For various reasons related to day-to-day work, I’ve been thinking a lot lately about general education requirements and what we really want students to have, or do, or be able to do. In the language of higher education administration and policy, this is often expressed in the language of ‘learning outcomes’ or ‘competences’, and there are valid reasons for this.
But on a really basic level, I always come back to the love of reading. If students are emerging with, or deepening, a love of reading, then something substantial has happened. If they don’t, then something has gone wrong somewhere.
Admittedly, this reflects my own disciplinary background. I’ve always been more of a man of my word than a do-it-yourselfer, as my exasperated teachers in the carpentry shop and the metal shop could have attested. But even in technical and scientific fields, if you fail to skim the literature, you will be at a real disadvantage. And there’s something to be said for the ability to appreciate print culture, regardless of what one does for a living.
Shortly before The Boy was born, I remember hearing a story on the news that a new study showed that children as young as three could benefit from reading. I immediately recognized that it was nonsense. Children as young as newborns can benefit from reading; there was no question of waiting until he was three years old. In those early years, they may have no idea what’s going on or what the words mean, but they get lap time with an adult. We have a picture of me reading The Runaway Bunny to TB in the hospital the day after he was born.
As he got older, we developed a routine that we also used with The Girl when she was old enough. At bedtime, if he had been good that day, he would have three stories read to him. But if he misbehaved, one of us would gravely intone “you’re going to lose a story…”. If the misbehavior continued, that night’s story count would drop to two. If he only had two stories that night, he felt the loss.

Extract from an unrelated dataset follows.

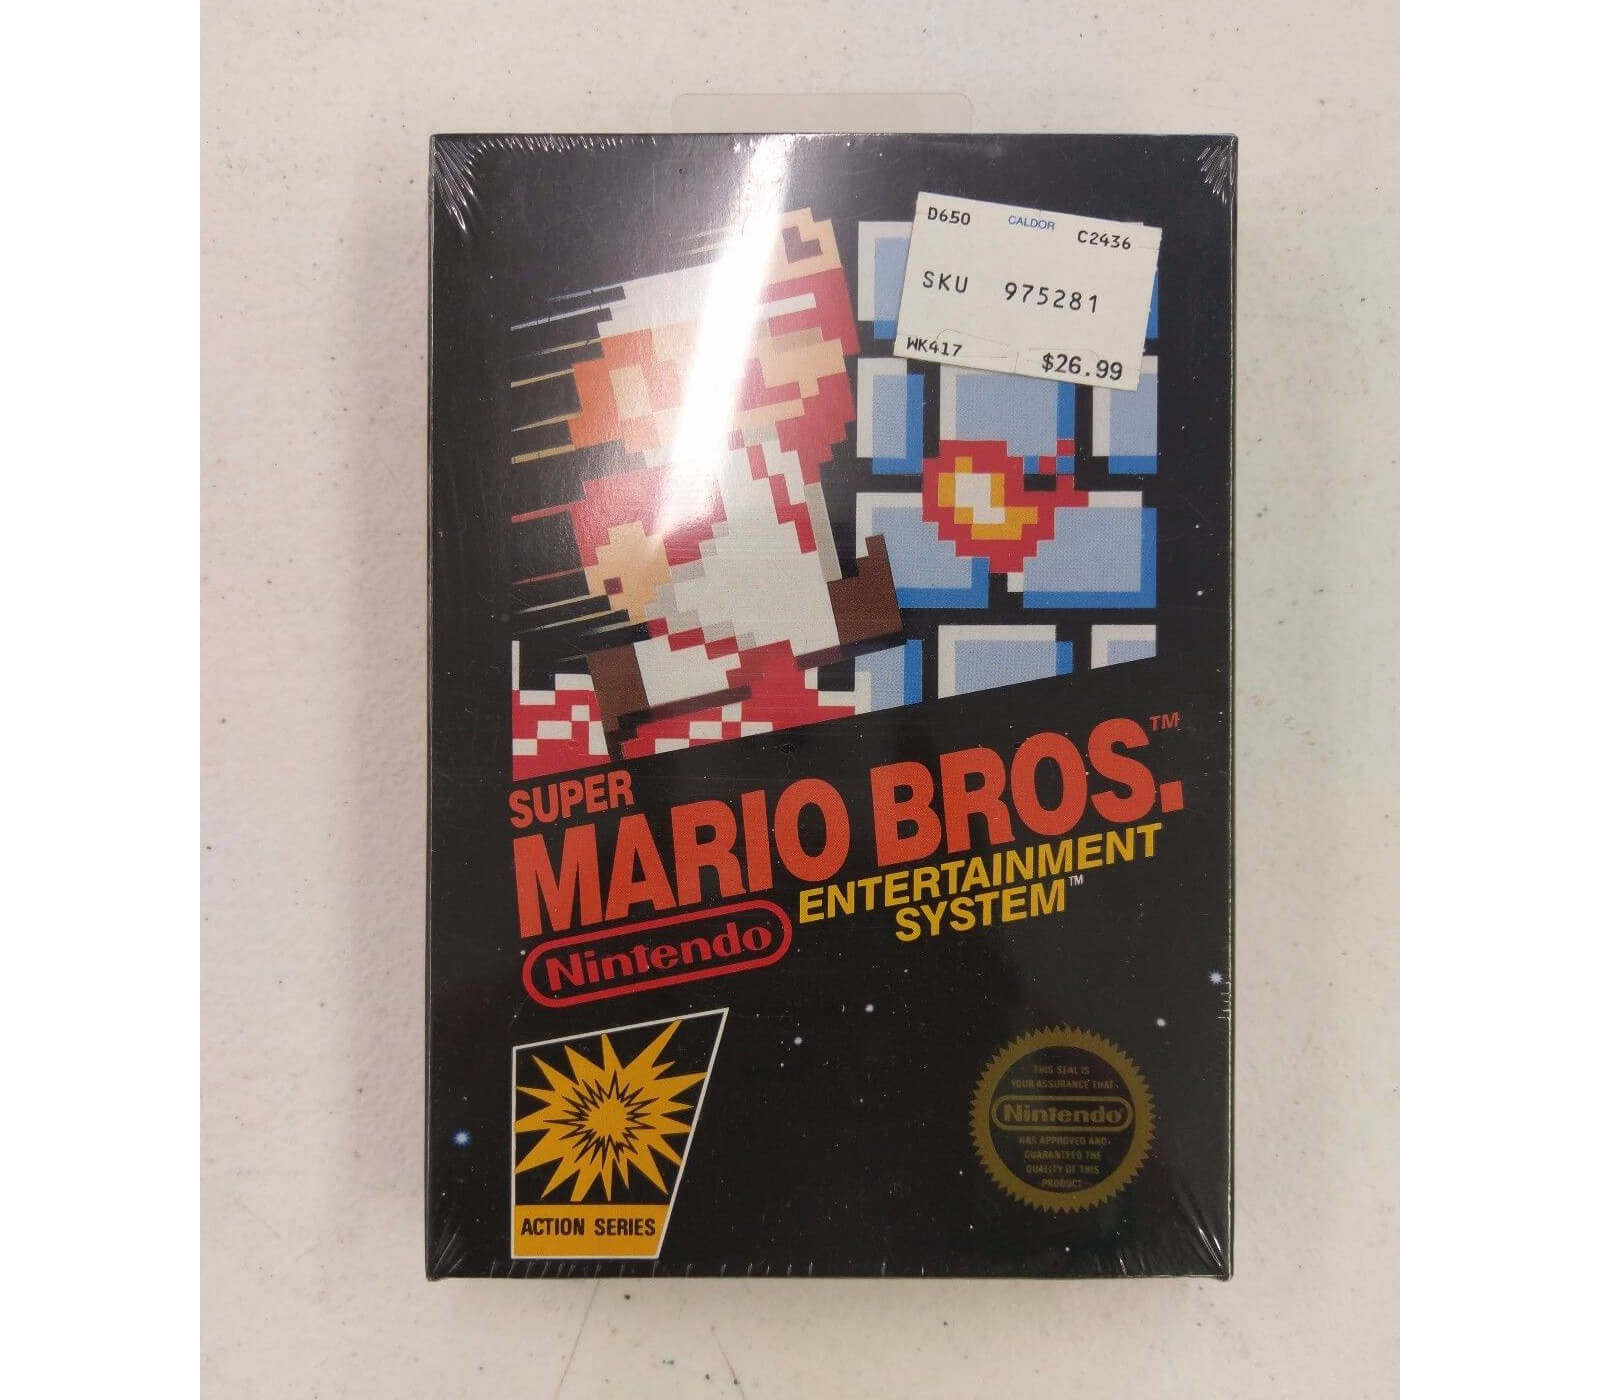 Cartucho de Super Mario Bros. lacrado
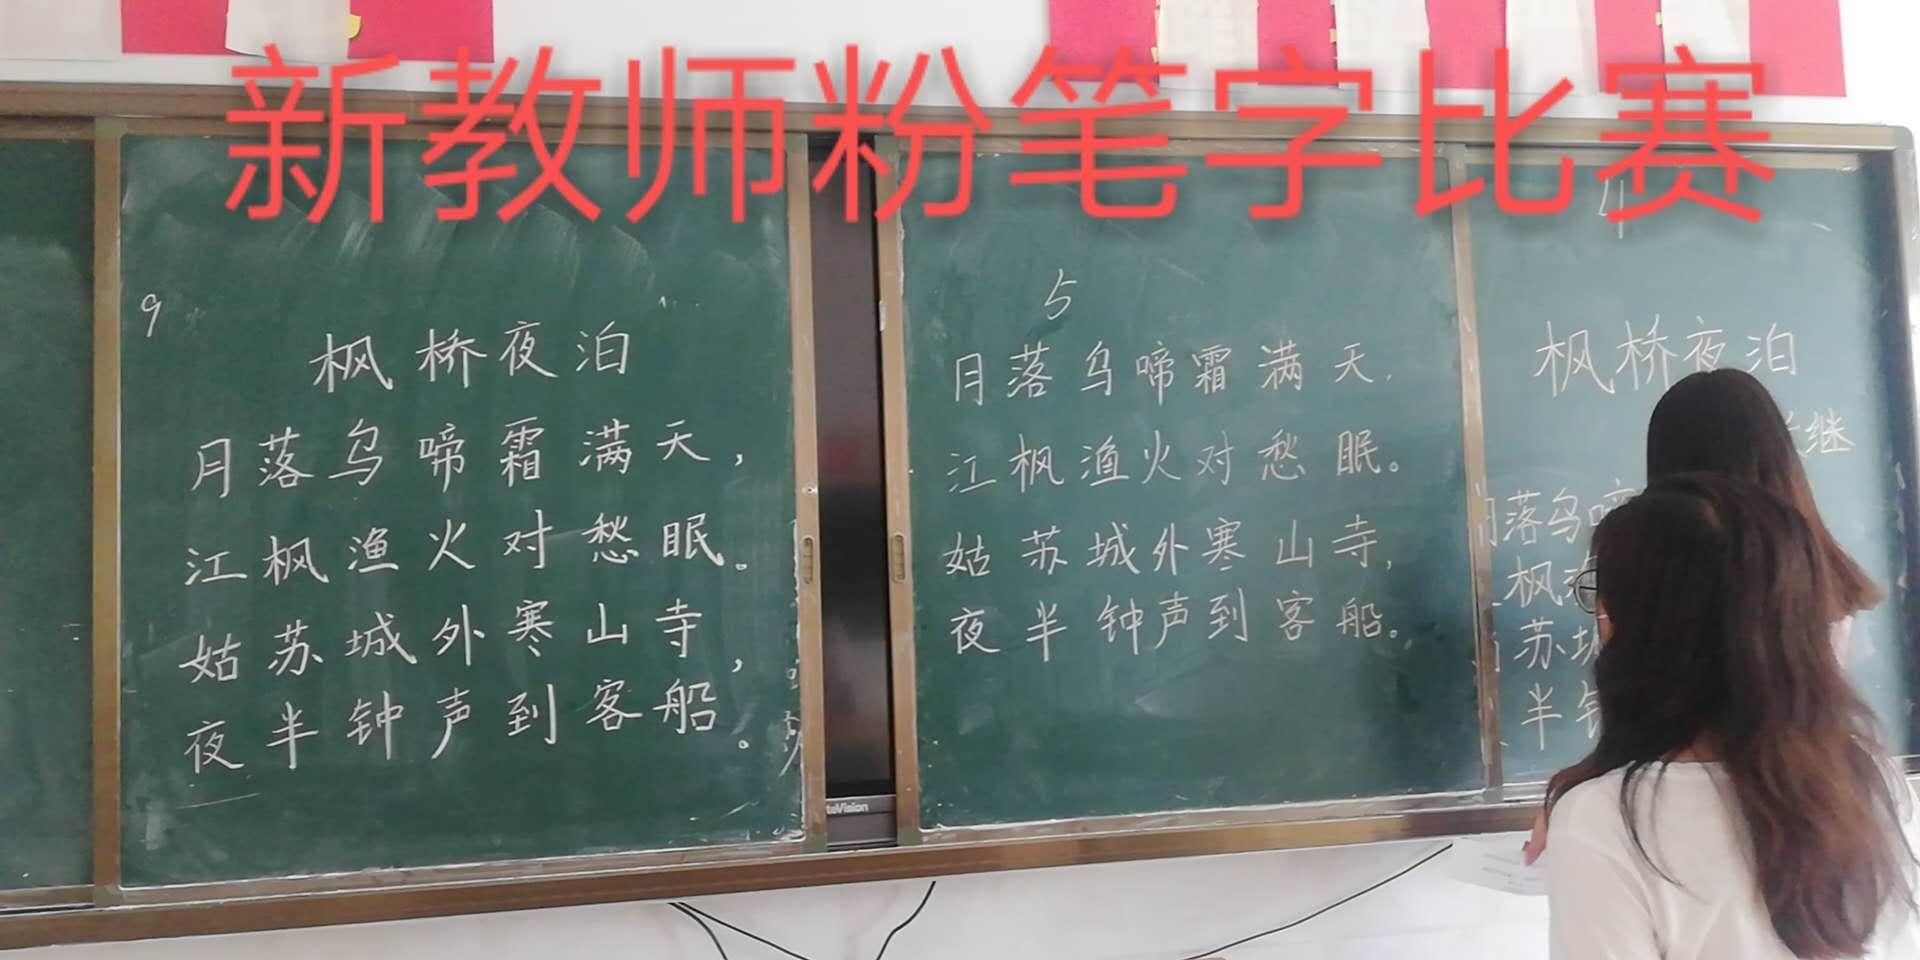 新沂市第三中学2019年新岗教师粉笔字比赛

I liked this system for several reasons. He positioned reading as a reward and stories as desirable. This allowed us to make threats that we could carry out without causing any real damage. And frankly, story time was fun for us too. I was proud to browse Fox in Socks’ “three cheese trees” page without tripping; later on, I’ll admit to enjoying the Captain Underpants series as much as The Boy. We tried to mix the old with the new. We would include some of our favorites from our own childhoods, like Dr. Seuss or Mike Mulligan and the Steam Shovel. But we would also bring new things. Martha Blah Blah and Click Clack Moo became favorites, combining puns, political allegory and cute animal imagery. The Girl developed a love for all things Curious George, which compelled us to familiarize ourselves with his work. When the movie Curious George came out, we gave him the soundtrack (on CD!). She thought the singer, Jack Johnson, was the man in the yellow hat. Now when I hear him playing in the background somewhere, I immediately hear the young TG exclaim “Man Yellow Hat!”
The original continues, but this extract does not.